## REFLECT: Summarizing Robot Experiences for Failure Explanation and Correction

### Setup
Register for an [OpenAI API key](https://openai.com/blog/openai-api/) to use GPT-4 (there's a free trial) and enter it below.

In [1]:
from dotenv import load_dotenv
import os

load_dotenv()
API_KEY = os.getenv('OPENAI_API_KEY')
API_BASE_URL = os.getenv('OPENAI_API_BASE_URL')

In [3]:
# Add HuggingFace mirror endpoint to avoid connection timeout issues when downloading models
# os.environ["HF_ENDPOINT"] = "https://hf-mirror.com"

# Add proxy settings to avoid connection issues
os.environ["https_proxy"] = "http://127.0.0.1:15732"
os.environ["http_proxy"] = "http://127.0.0.1:15732" 
os.environ["all_proxy"] = "socks5://127.0.0.1:15732"

In [None]:
%cd main
%pwd

In [None]:
import json
from IPython.display import HTML
from base64 import b64encode

from main.gen_data import *
from main.data import load_data
from main.exp import *
from main.execute_replan import run_correction
from LLM.prompt import LLMPrompter

# You may change the GPT version here
llm_prompter = LLMPrompter(gpt_version="gpt-4o", api_key=API_KEY, base_url=API_BASE_URL)
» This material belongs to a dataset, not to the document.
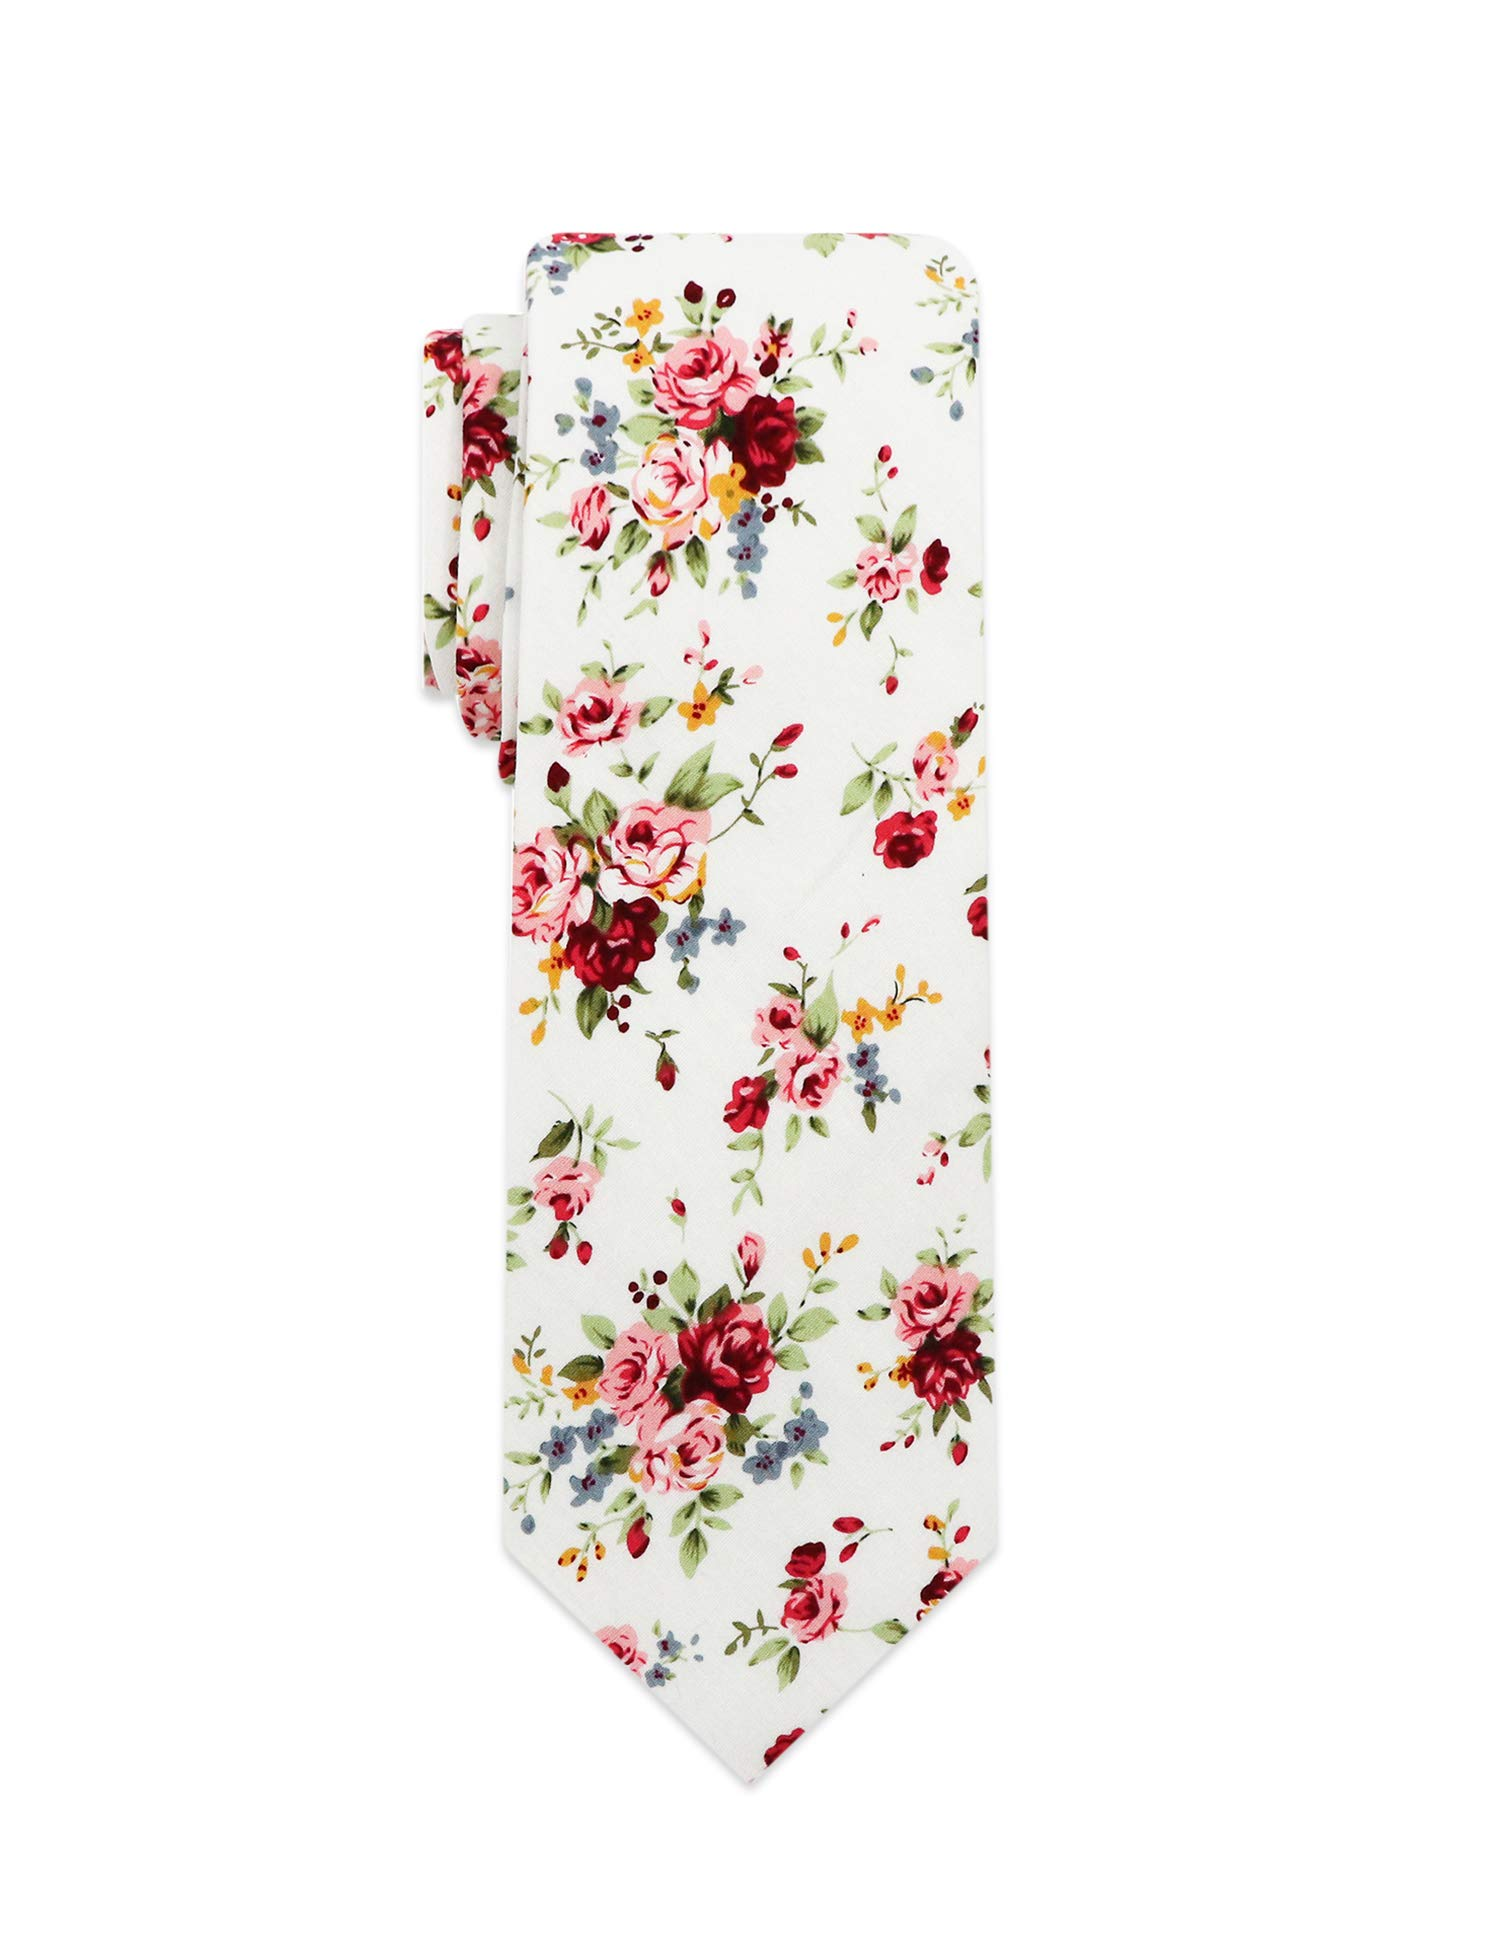 ESIR Fashion Floral Men's tie - Cotton Printed necktie - Regular size tie

with open('tasks.json') as f:
    tasks = json.load(f)

def show_video(video_path, video_width=300):
  video_file = open(video_path, "r+b").read()
  video_url = f"data:video/mp4;base64,{b64encode(video_file).decode()}"
  return HTML(f"""<video width={video_width} controls><source src="{video_url}"></video>""")

### Data Generation in Simulation
We provide a few example task configurations in ``tasks.json``. Let's take the first one as an example.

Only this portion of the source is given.